When I started this blog, I didn't have a vision for what I wanted to say. Which voice would author this blog?
- The frustrated patient fighting an invisible illness?
- The PhD student who studies politics and power in the Canadian health system?
- Or perhaps the voice of the 'former-health-system-administrator' would come through?
As it happened, none of the things I hoped to say were coming out clearly because my brain had turned into pea soup. I suppose when you name your site "brain fog", it should be a tip off that you aren't in a good head-space.
Last spring I quit writing here, thinking 'if I am sick of listening to myself complain about feeling crappy all of the time, everyone else must be too'.
Summer came and I sank lower into the pit of illness. I won't belabour the point, but I was just seriously unwell.
One day my neighbour saw me on my porch (a big outing at the time) and suggested I visit the "private, executive health clinic" in town. HERESY! Private clinics are for Americans and people who don't believe in the Canadian value of Universal Healthcare. It would be an act of treason.
The fact is, I was too sick to care about my values anymore. I had stayed the course with the public system and I was getting worse by the day. So off I went to the private clinic for a health workup complete with smoked salmon and orange juice.
The private clinic picked up something that everyone else seemed to have missed.
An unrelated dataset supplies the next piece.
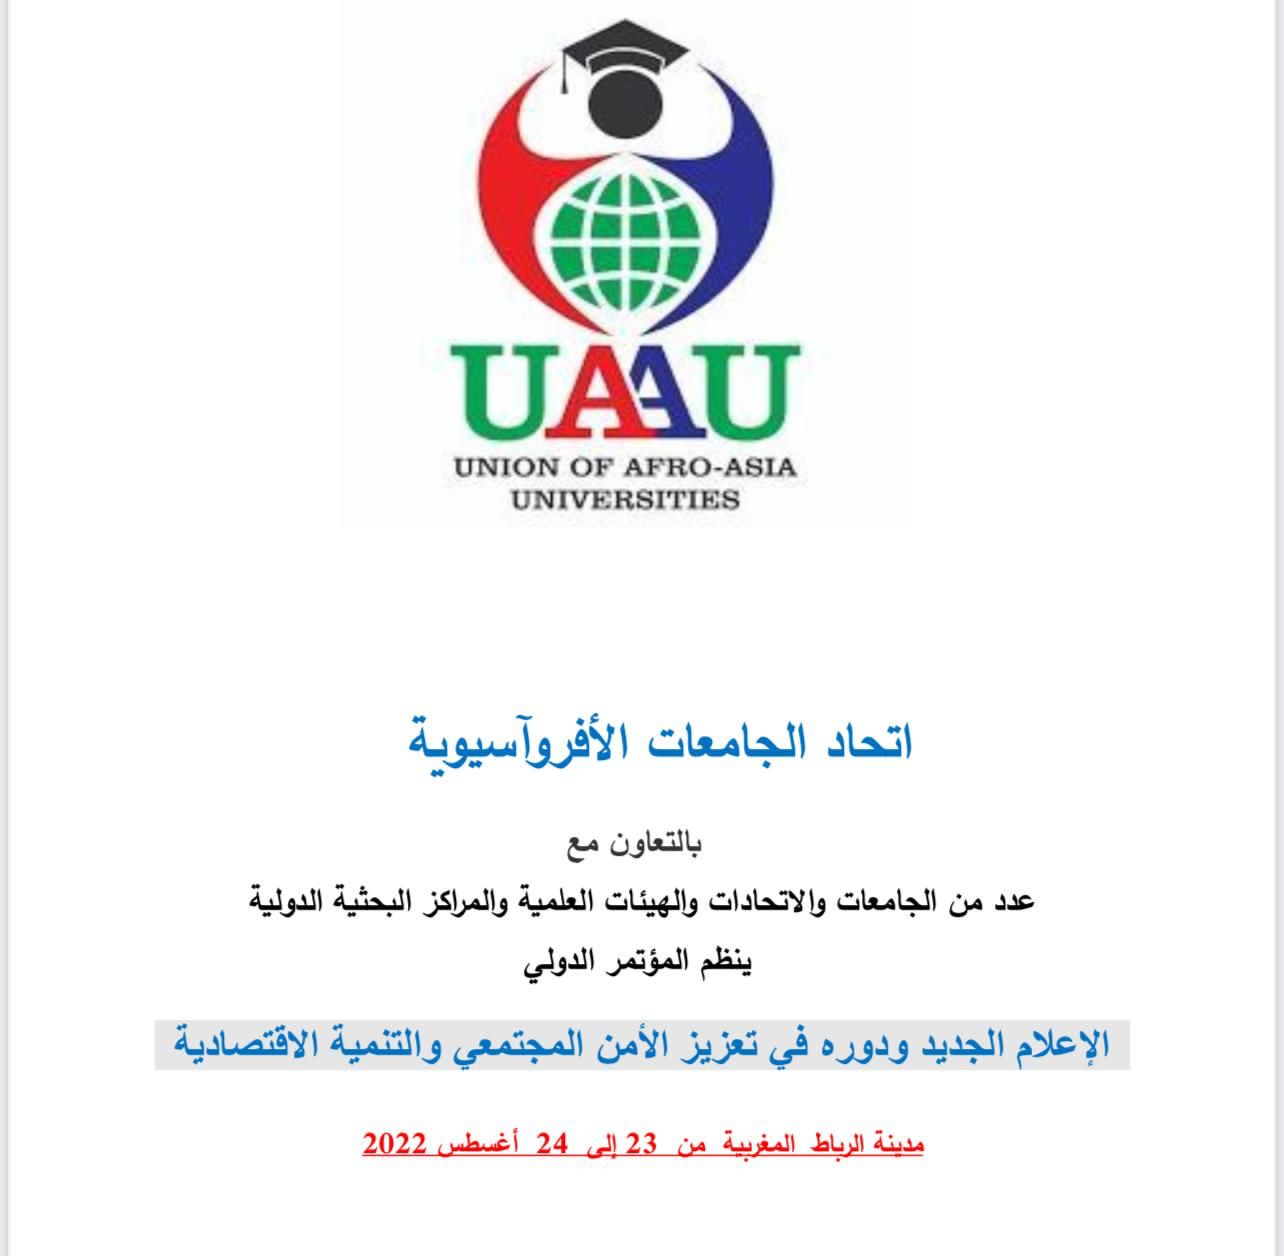 مؤتمراً إعلاميا بحثيا بإشراف اتحاد الجامعات الأفروآسيوية سيعقد في المغرب

Hypothyroid & Anemia. I would never, in a million years imagined that these two benign sounding conditions could cause all of the physical misery and cognitive problems I was having.
But the results don't lie. After two months of treatment, I started to feel better. I started to read books again. I started to walk upstairs without having to rest halfway. I went back to school. I took on a volunteer position in clinical social work. And I haven't looked back (very much).
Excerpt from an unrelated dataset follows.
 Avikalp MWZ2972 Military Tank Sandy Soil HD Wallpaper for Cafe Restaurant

Interestingly, since my thyroid came under control, I have had almost no symptoms of depression. I am grateful for the chance to feel healthy again and I am angry at the internist who told me my problems were "all in my head". I also am perplexed that it took a private clinic to take my complaints seriously.
What does this say about the Canadian system that I believe in so dearly? I believe that it has something to do with the power that being a 'consumer' of health services confers on a patient.
I felt conflicted between my values and my personal experience - and realized that I may have just tapped into a great thesis topic.
In the end, as much as I would like to find one voice to speak from, I realize that, like all of us, I have occupy multiple roles: patient, practitioner, student, researcher, critic & proud Canadian.
So, I'm thinking of blogging again. I'm not sure where it might take me, but hopefully there will be some interesting discussions along the way!